**EXERCISE REQUIREMENTS:**
Start to finish, print the data below exactly, without the images.

**SOURCE DATA:**
>>>

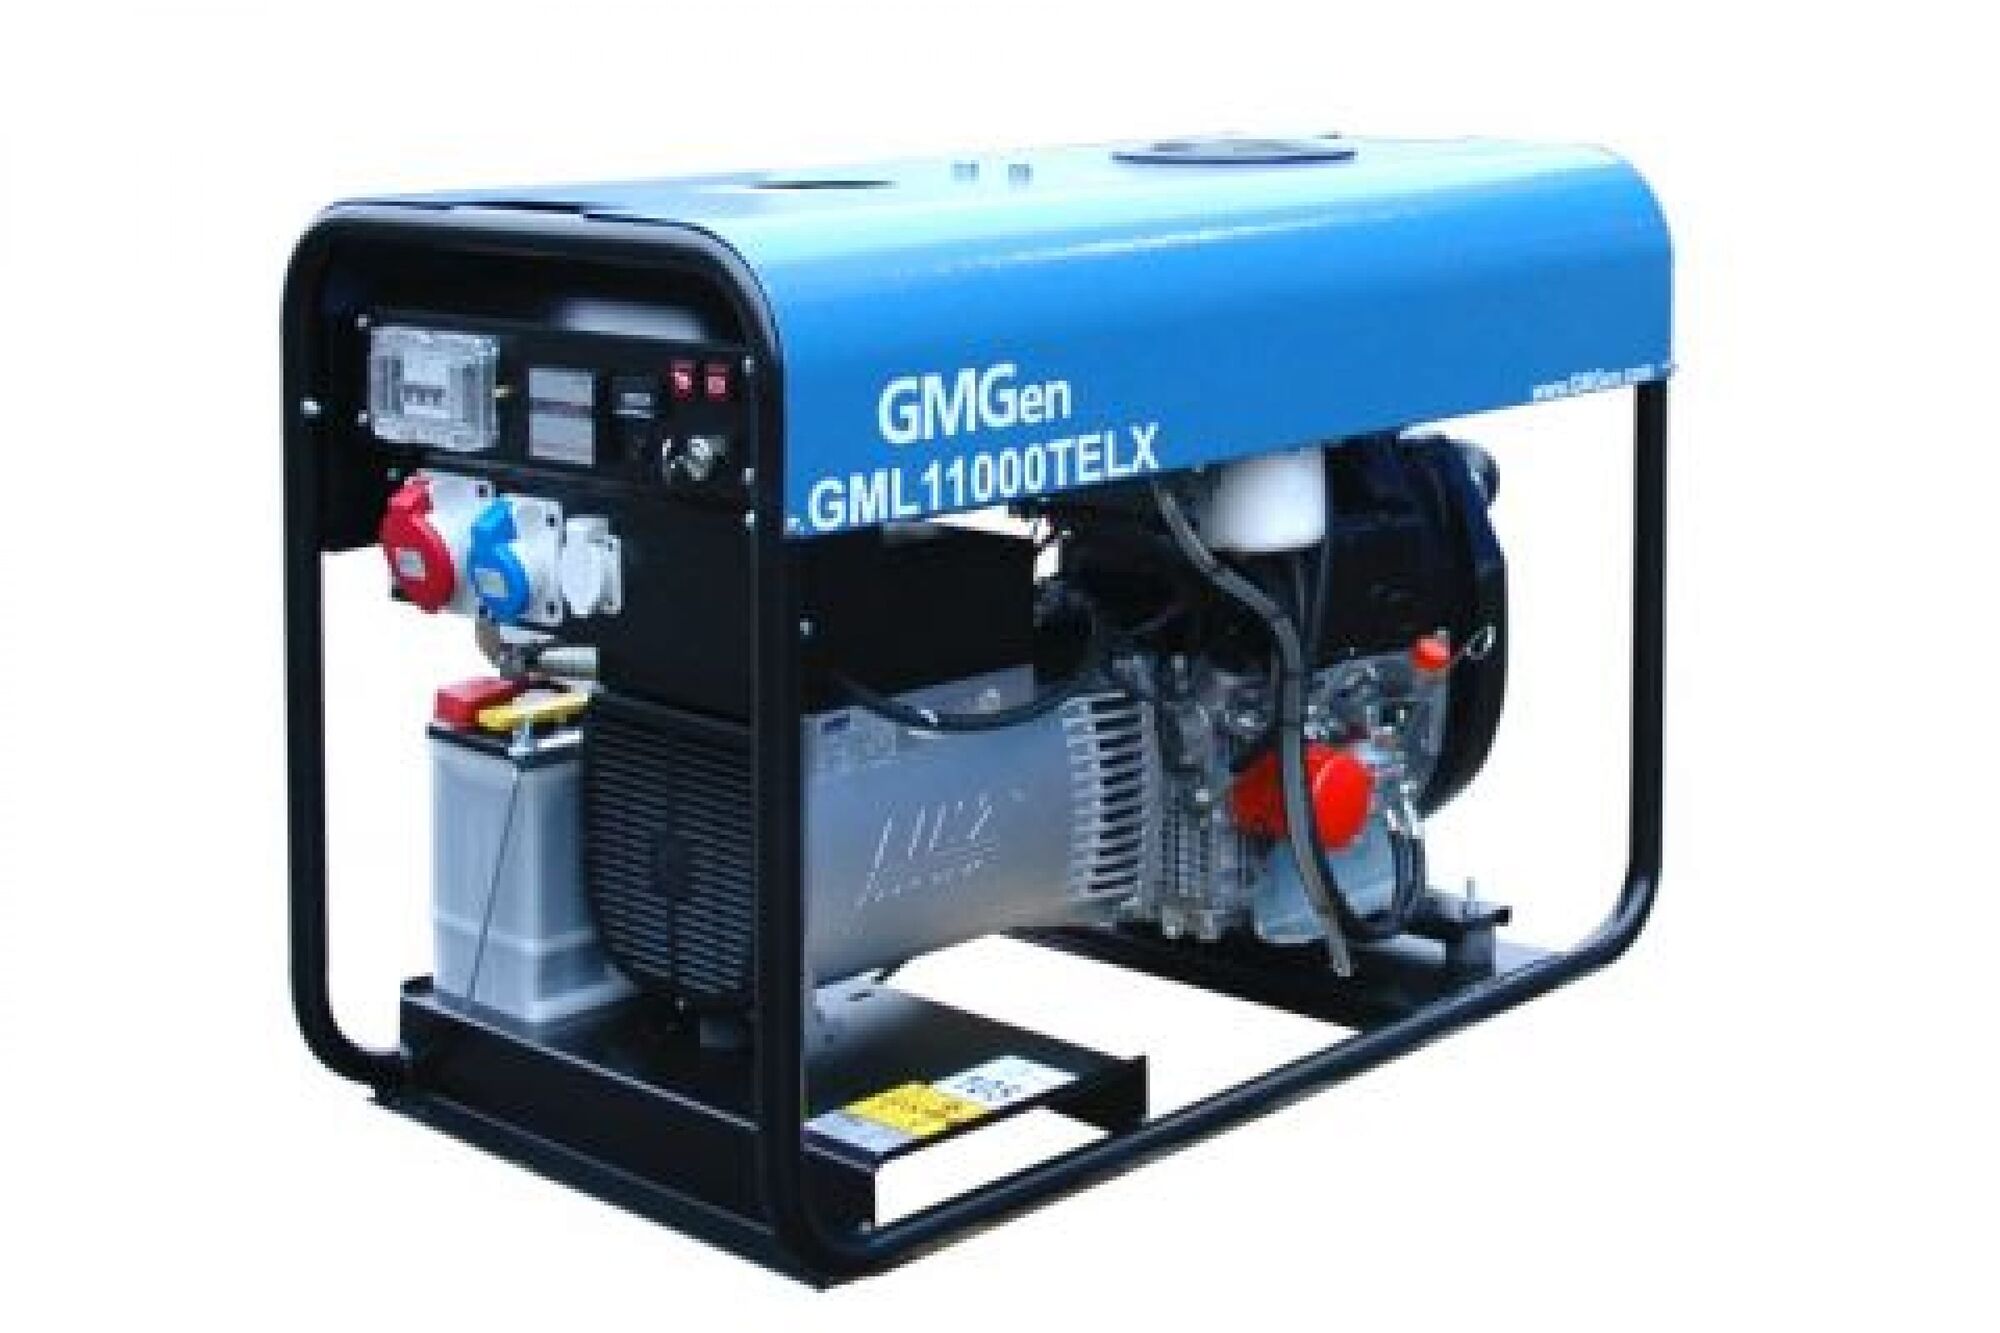 Дизель генератор GMGen Power Systems GML11000TELX 8.0 кВт, 380/220 В 501854
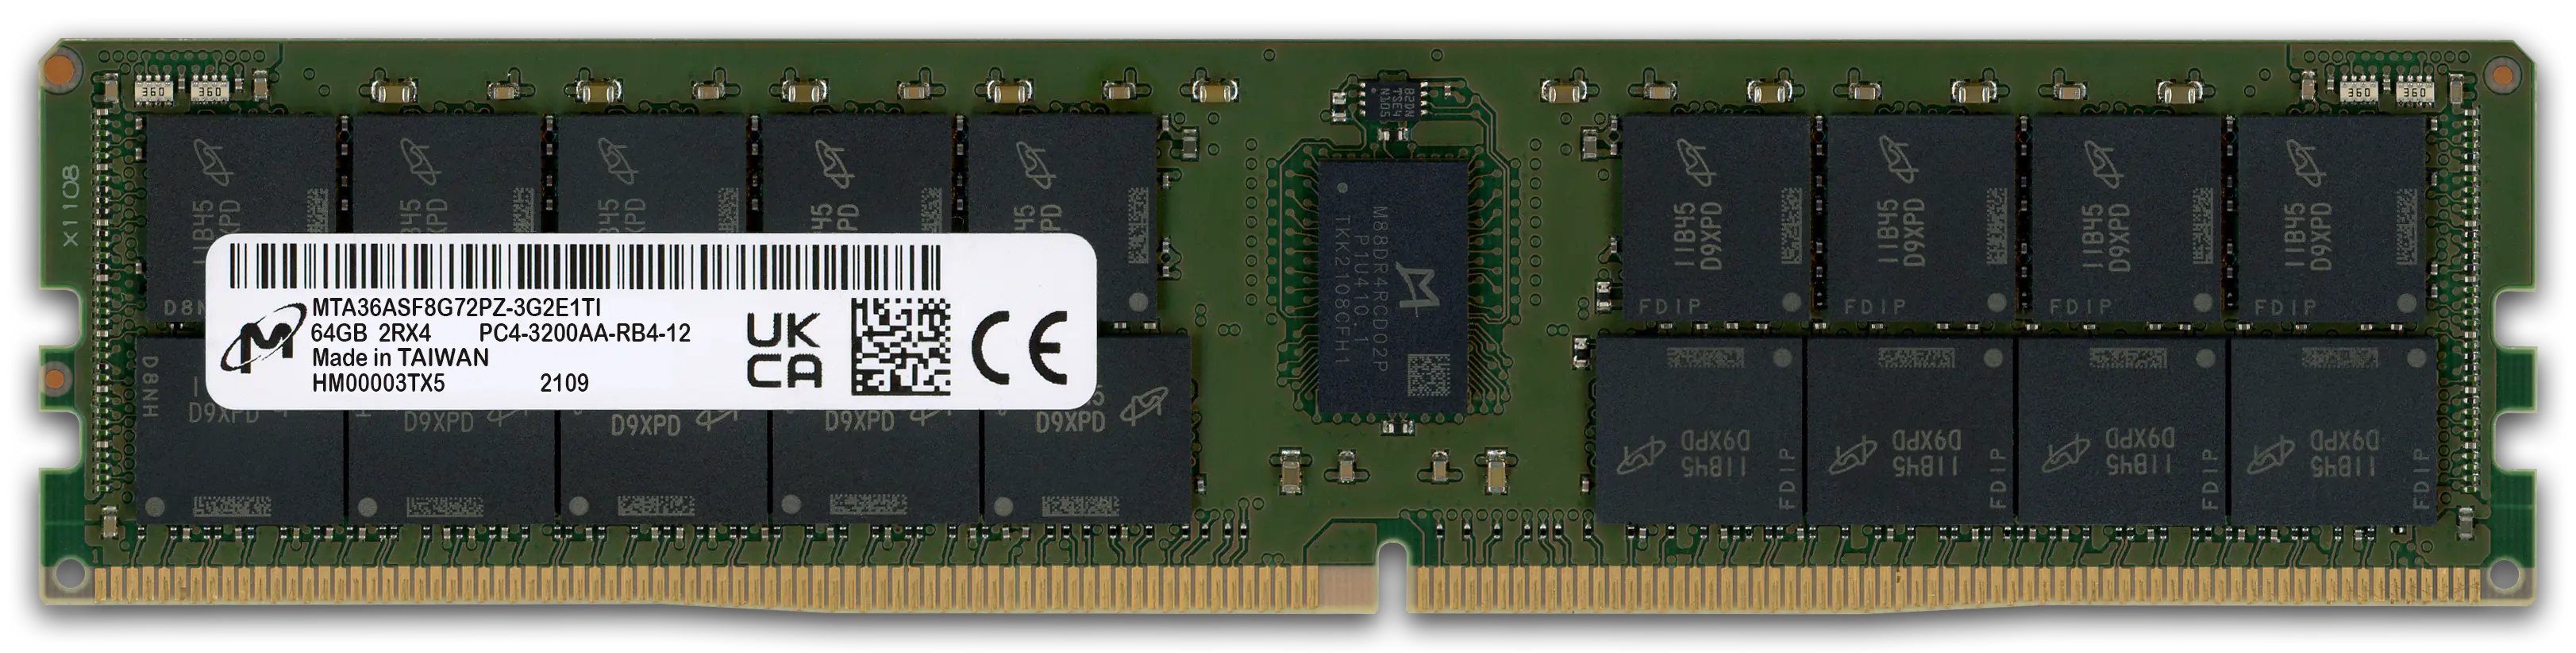 Micron 64GB RAM-Modul DDR4 3200 MT/s PC4-3200AA-R RDIMM ECC
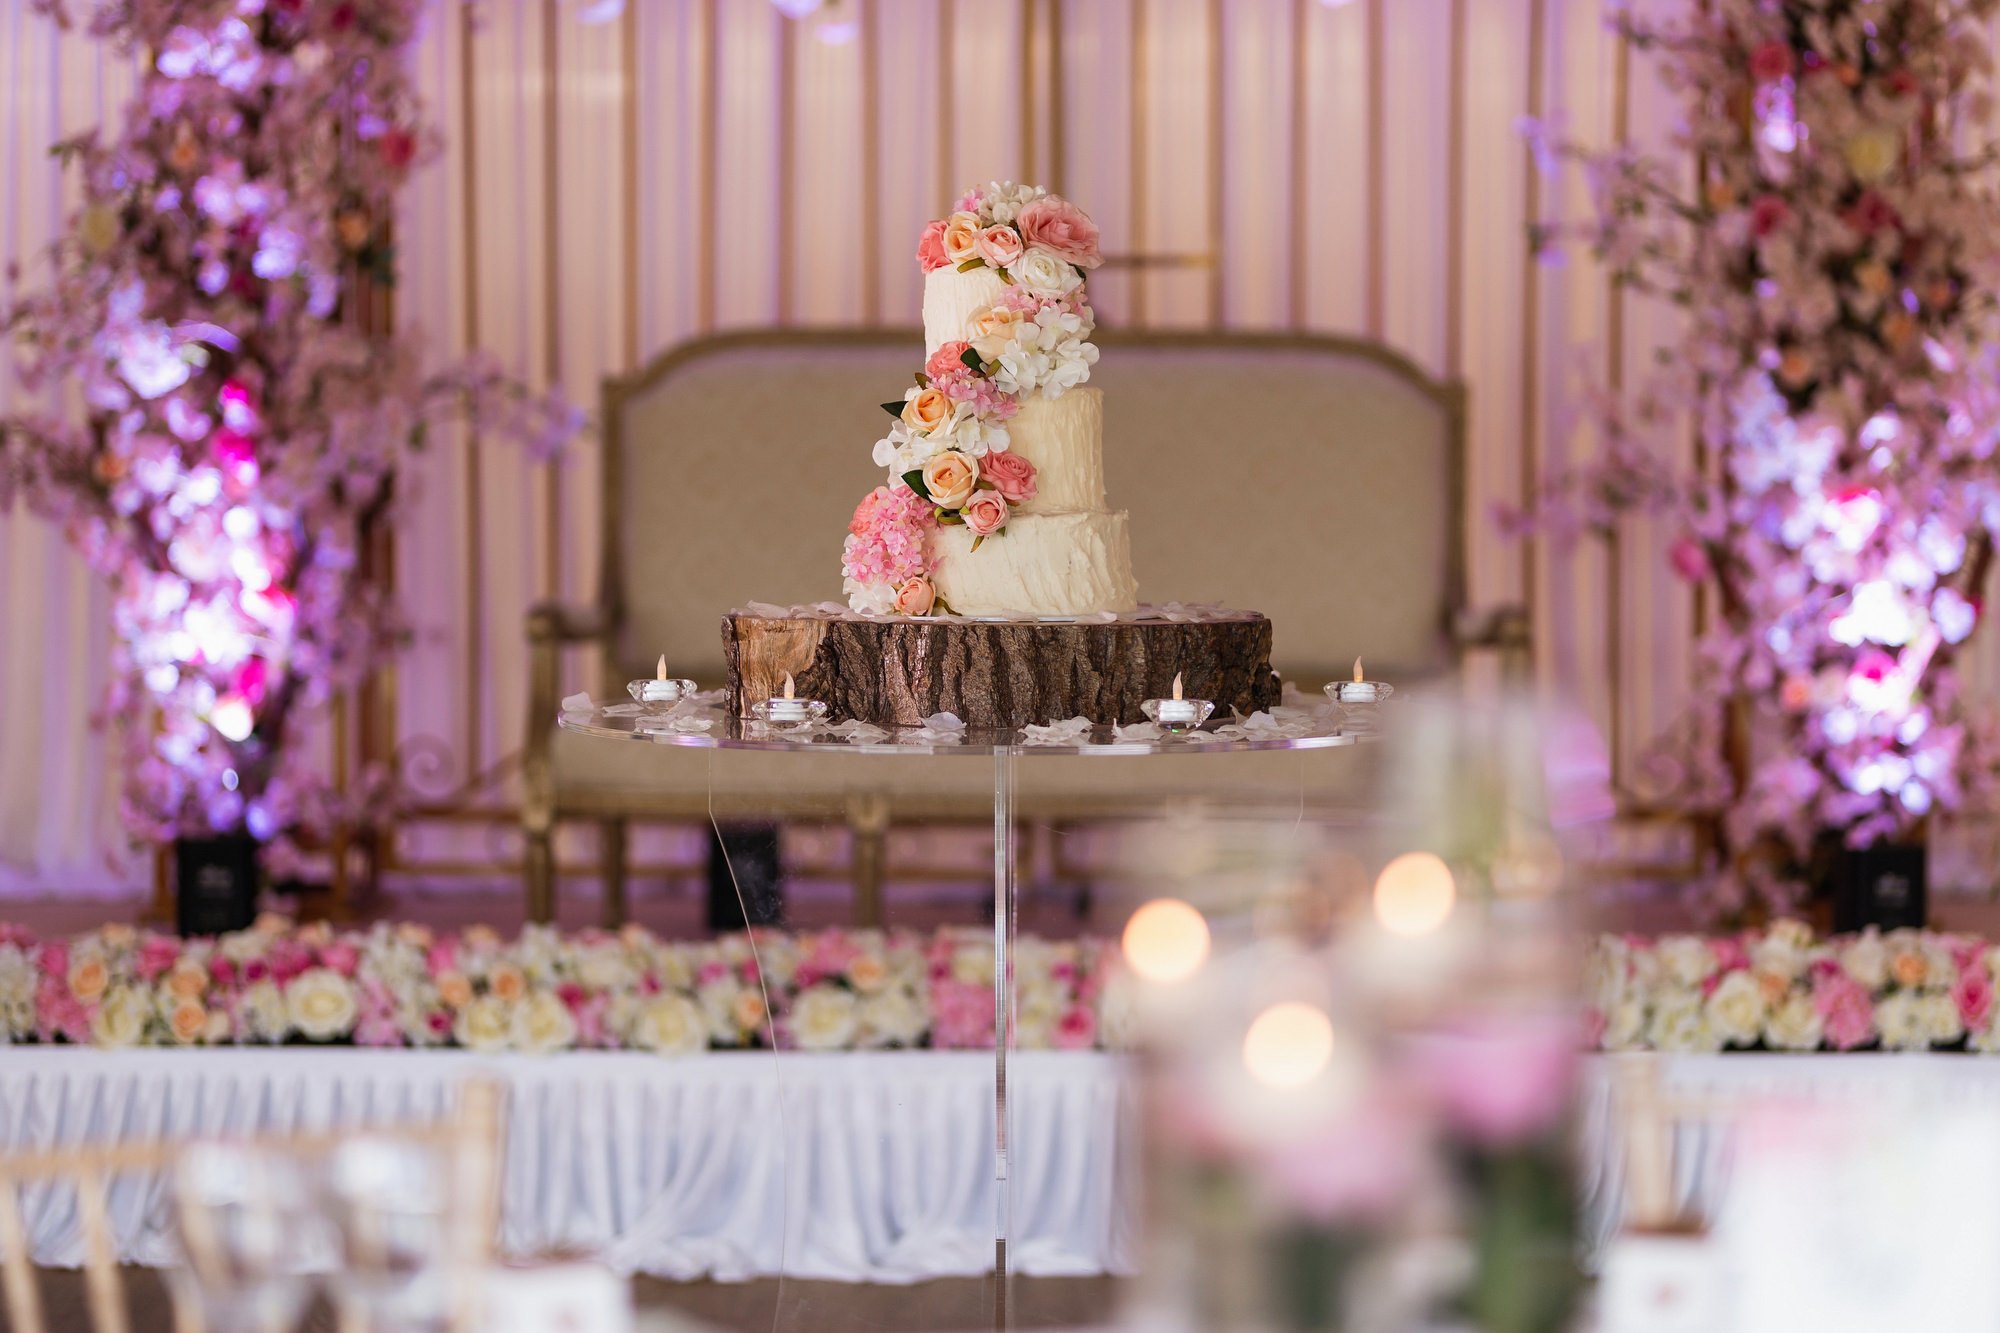 Fennes wedding venue, Asian wedding, Essex, wedding cake

<<<

**FINISHED EXERCISE:**
 Дизель генератор GMGen Power Systems GML11000TELX 8.0 кВт, 380/220 В 501854
 Micron 64GB RAM-Modul DDR4 3200 MT/s PC4-3200AA-R RDIMM ECC
 Fennes wedding venue, Asian wedding, Essex, wedding cake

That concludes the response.